See that when we ask for a chunk of data, there’s a print notification about it.

>>> assert source[3] == [30, 31, 32, 33, 34, 35, 36, 37, 38, 39]
Asking for 3

Now let’s make an iterator of the data and an InfiniteSeq (with buffer length 10) on top of it.

>>> from itertools import chain
>>> iterator = chain.from_iterable(source.values())
>>> s = InfiniteSeq(iterator, 10)

See that when you ask for :5, you see that chunk 0 is requested.

>>> s[:5]
Asking for 0
[0, 1, 2, 3, 4]

If you ask for something that’s already in the buffer, you won’t see the print notification though.

>>> s[4:8]
[4, 5, 6, 7]

The following shows you how InfiniteSeq “hits” the data source as it’s getting the data it needs for the request.

>>> s[8:12]
Asking for 1
[8, 9, 10, 11]
>>>
>>> s[40:42]
Asking for 2
Asking for 3
Asking for 4
[40, 41]
exception creek.infinite_sequence.NotDuringError(*args, **kwargs)[source]

IndexError that indicates that there was an attempt to index some data that is not contained in the buffer (i.e. is that a part of the request is NO LONGER, or NOT YET covered by the buffer)

exception creek.infinite_sequence.OverlapsFutureError(*args, **kwargs)[source]

IndexError that indicates that there was an attempt to index some data that is in the FUTURE (i.e. is NOT YET completely covered by the buffer)

exception creek.infinite_sequence.OverlapsPastError(*args, **kwargs)[source]

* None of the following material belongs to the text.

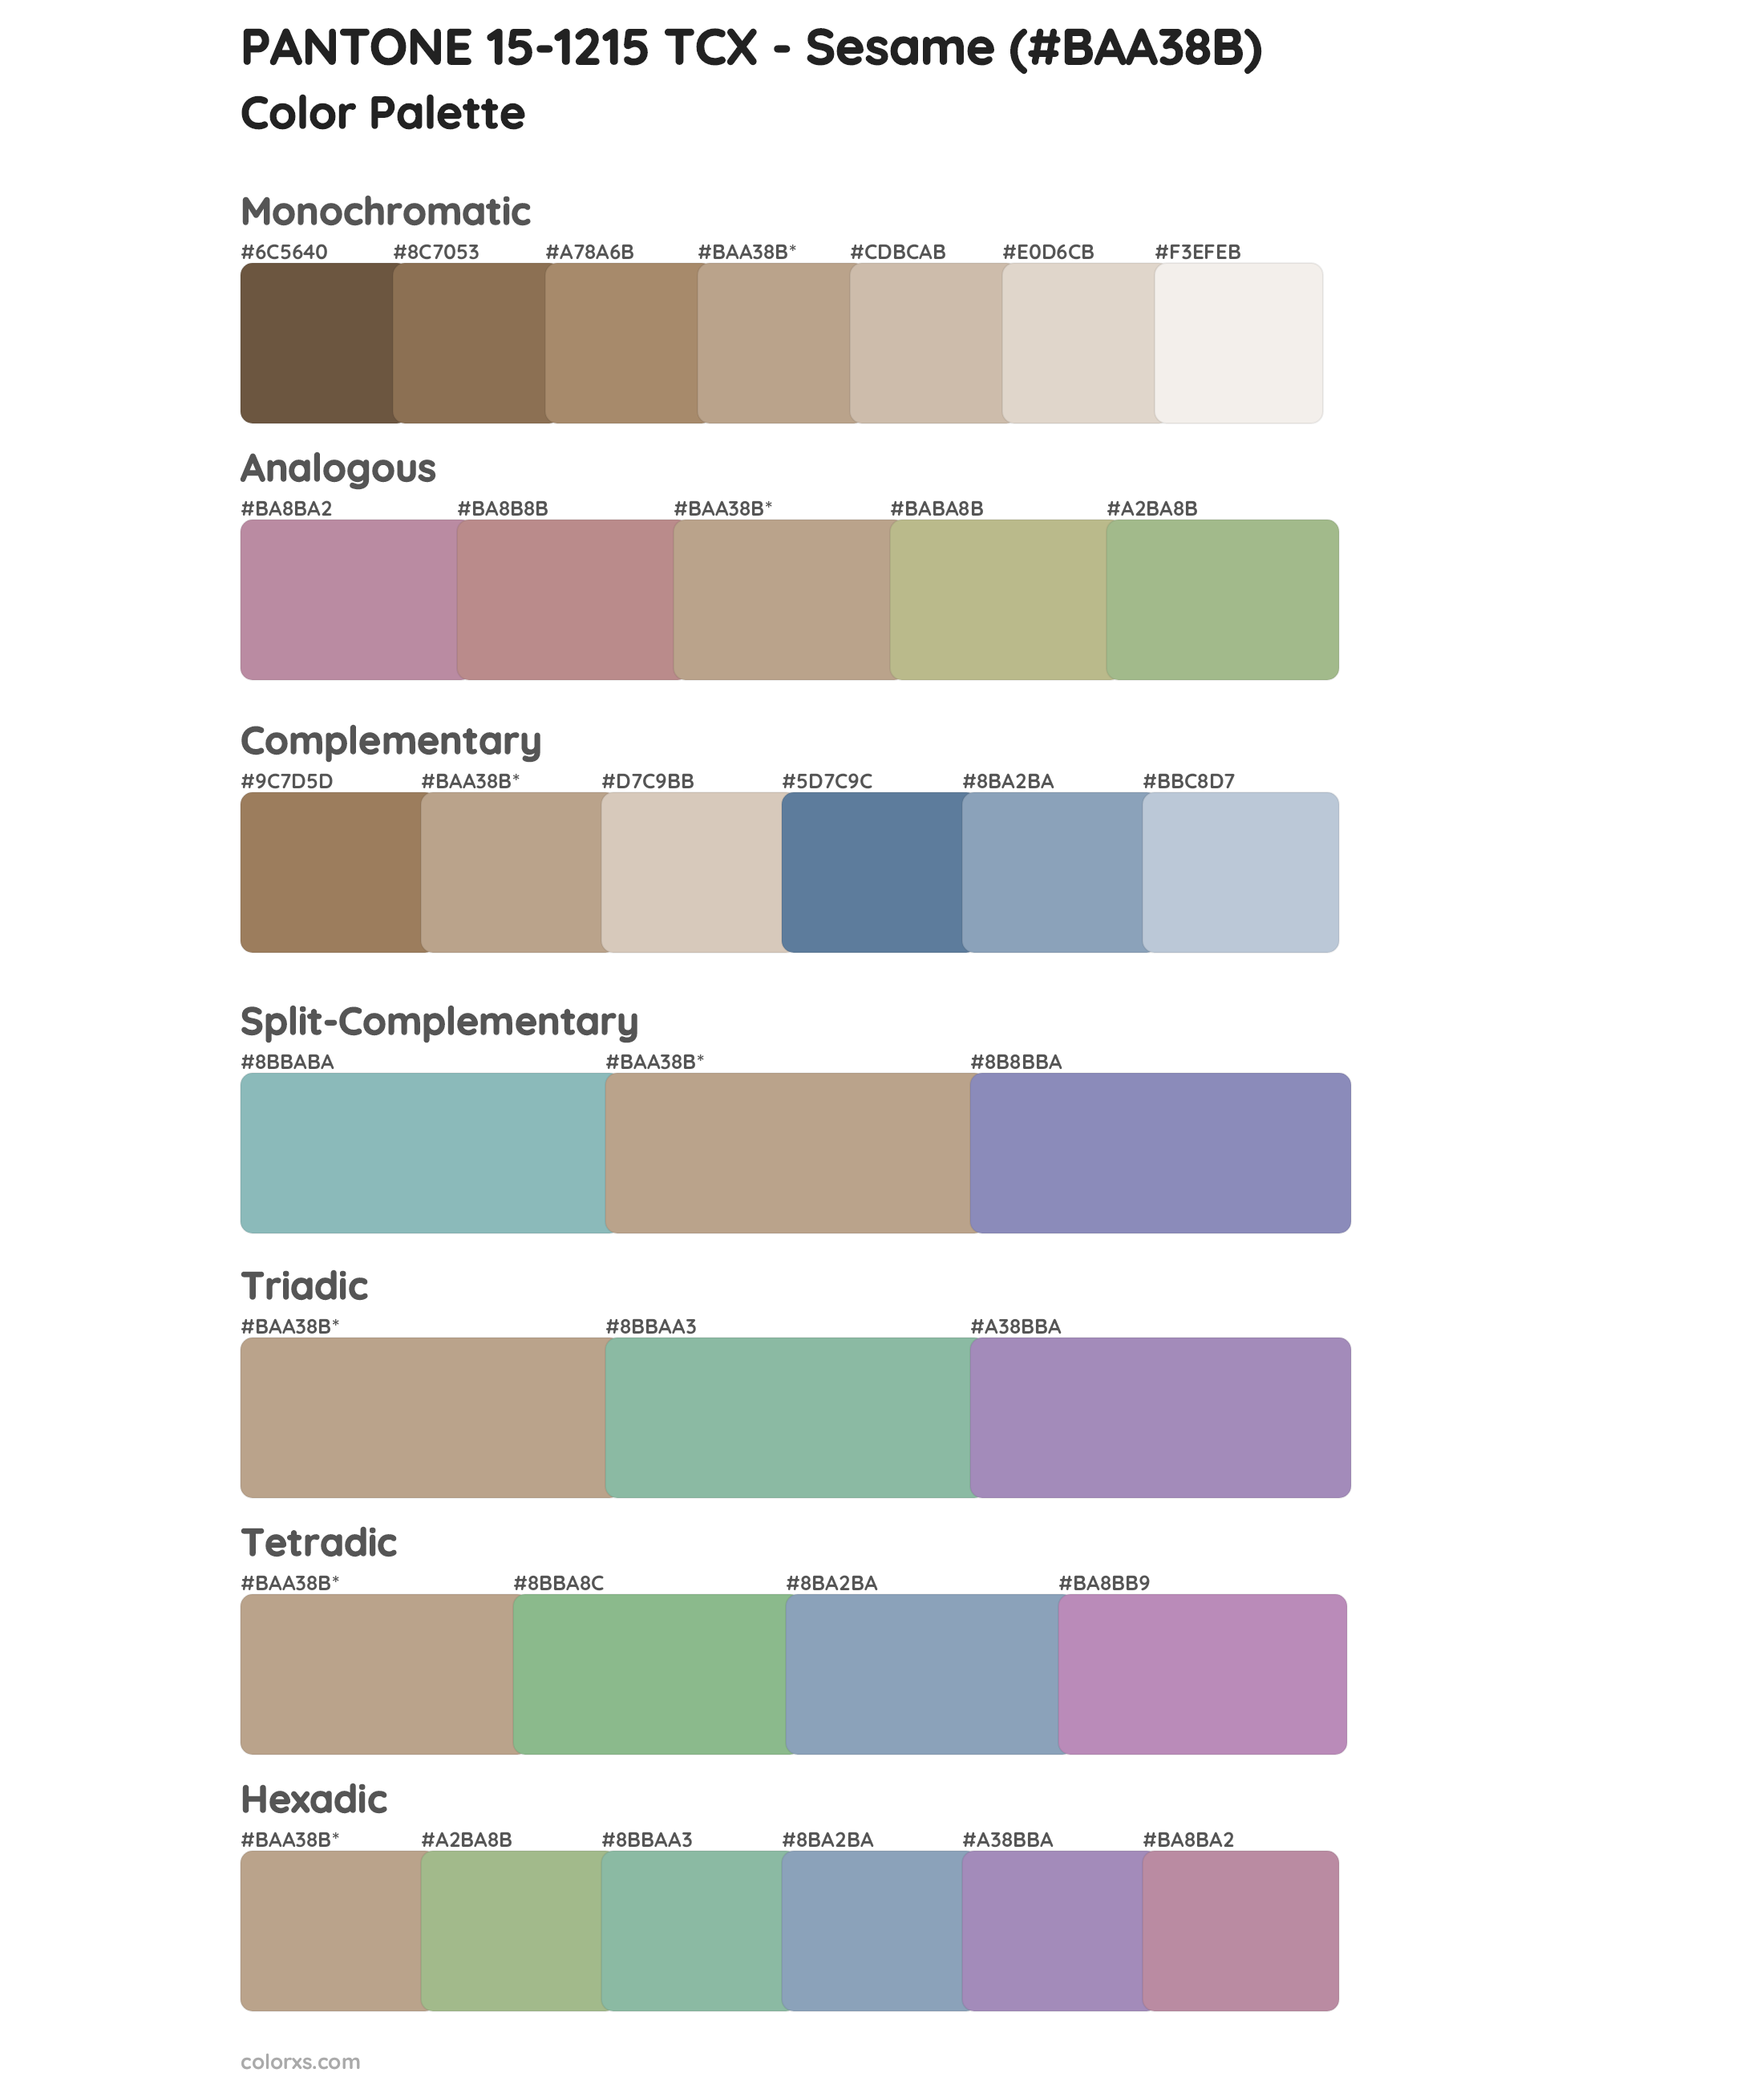 PANTONE 15-1215 TCX - Sesame Color Scheme Palettes

IndexError that indicates that there was an attempt to index some data that is in the PAST (i.e. is NO LONGER completely covered by the buffer)

exception creek.infinite_sequence.RelationNotHandledError[source]

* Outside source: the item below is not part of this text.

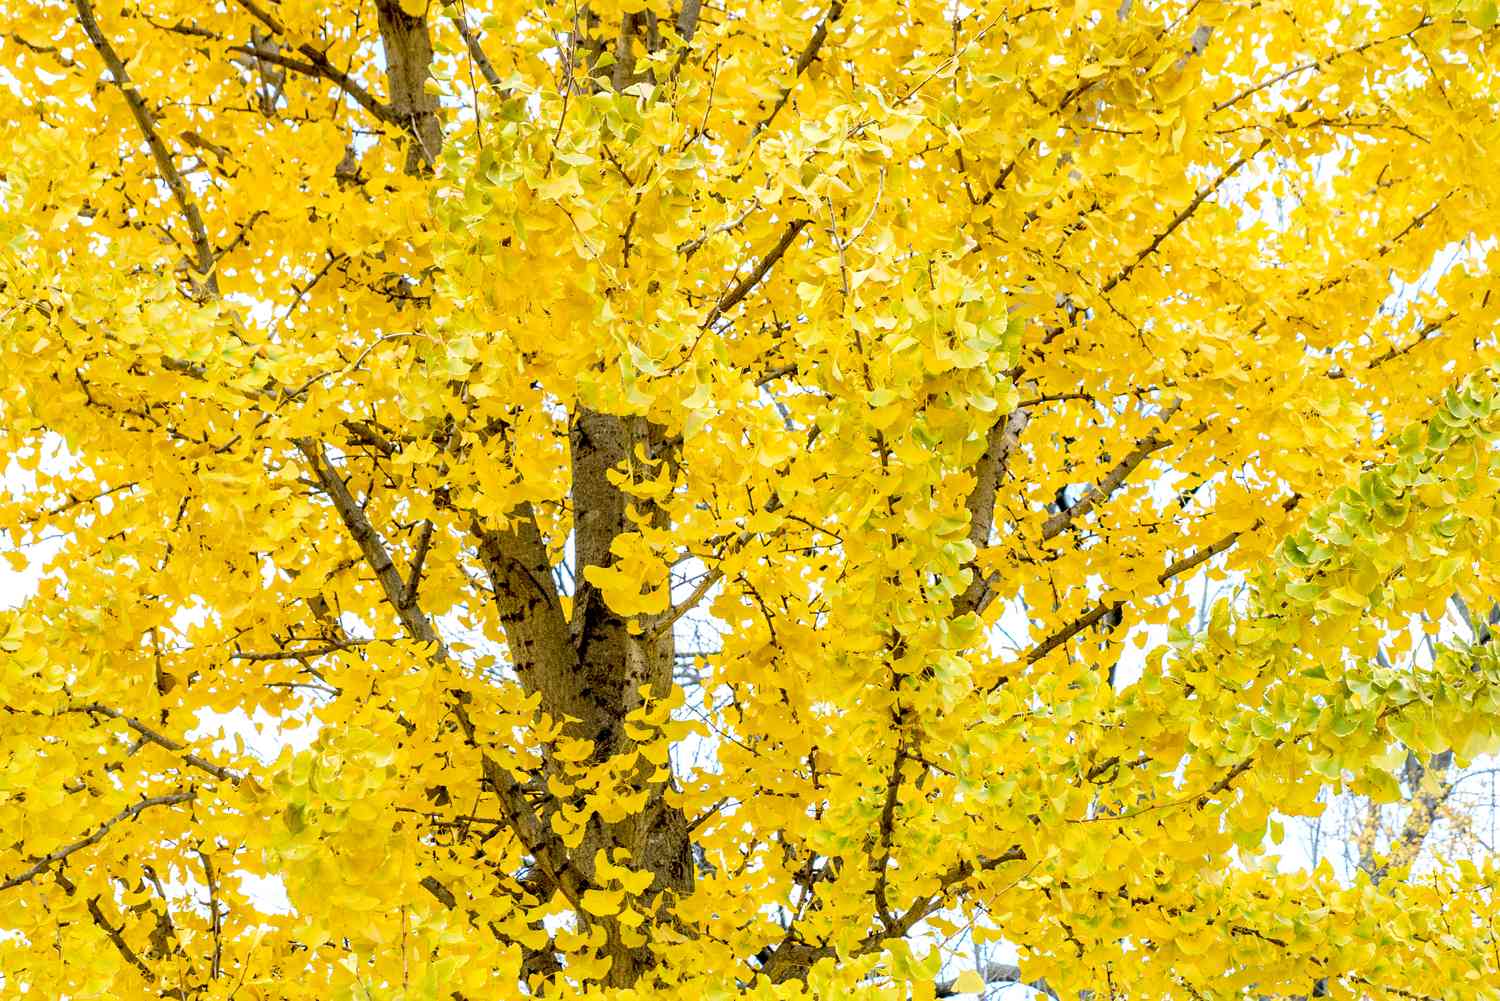 ginkgo biloba tree in fall

TypeError that indicates that a relation is either not a valid one, or not handled by conditional clause.

class creek.infinite_sequence.Relations(value)[source]

Point-interval and interval-interval relations.

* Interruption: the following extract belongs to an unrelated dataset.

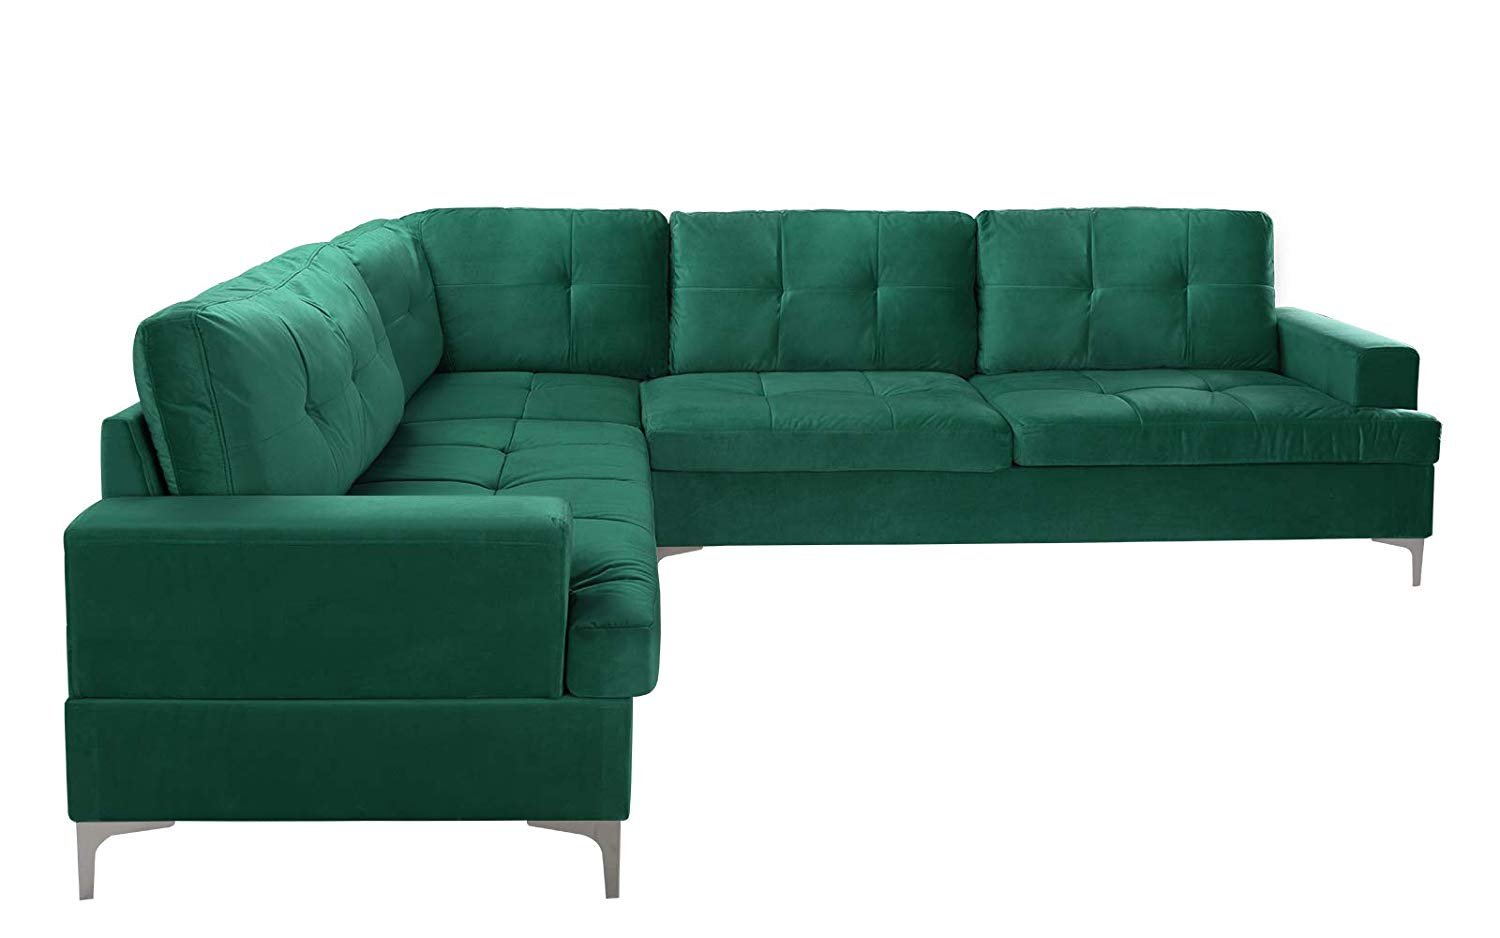 Large Tufted Velvet Sectional Sofa, Living Room L-Shape Modern Couch

See Allen’s interval algebra for (some of the) interval relations (https://en.wikipedia.org/wiki/Allen%27s_interval_algebra).

creek.infinite_sequence.absolute_item(item, max_idx)[source]

Returns an item with absolute references: i.e. with negative indices idx resolved to max_idx + idx

>>> absolute_item(-1, 10)
9
>>> absolute_item(slice(-4, -2, 2), 10)
slice(6, 8, 2)

But anything else that’s not a slice or int will be left untouched (and will probably result in errors if you use with IndexedBuffer)

>>> absolute_item((-7, -2), 10)
(-7, -2)
creek.infinite_sequence.consume(gen, n)[source]

Consume n iterations of generator (without returning elements)

creek.infinite_sequence.none_safe_addition(x, y)[source]

Adds the two numbers if x is not None, or return None if not

creek.infinite_sequence.simple_interval_relationship(x: Tuple[Union[int, float], Union[int, float]], y: Tuple[Union[int, float], Union[int, float]], above_bt: Callable = <built-in function ge>, below_tt: Callable = <built-in function lt>)[source]

Get the simple relationship between intervals x and y.

Parameters
  • x – An point (a number) or an interval (a 2-tuple of numbers).

  • y – An interval; a 2-tuple of numbers.

  • above_bt – a above_bt(x_bt, y_bt) boolean function (ge or gt) deciding if x starts after y does.

  • below_tt – a below_tt(x_tt, y_tt) boolean function (lt or le) deciding if x ends before y does.

Returns

One of three relations Relations.BEFORE if some of x is below y, Relations.AFTER if some of x is after y, Relations.DURING if x is entirely with y

The target y interval is expressed only by it’s bounds, but we don’t know if

these are inclusive or not. The below_bt and above_tt allow us to express that by expressing how below the lowest (bt) bound and what higher than highest (tt) bound are defined.

The function is meant to be curried (partial), for example:

>>> from functools import partial
>>> from operator import le, lt, ge, gt
>>> default = simple_interval_relationship  # uses below_bt=ge, above_tt=lt
>>> including_bounds = partial(simple_interval_relationship, above_bt=ge, below_tt=le)
>>> excluding_bounds = partial(simple_interval_relationship, above_bt=gt, below_tt=lt)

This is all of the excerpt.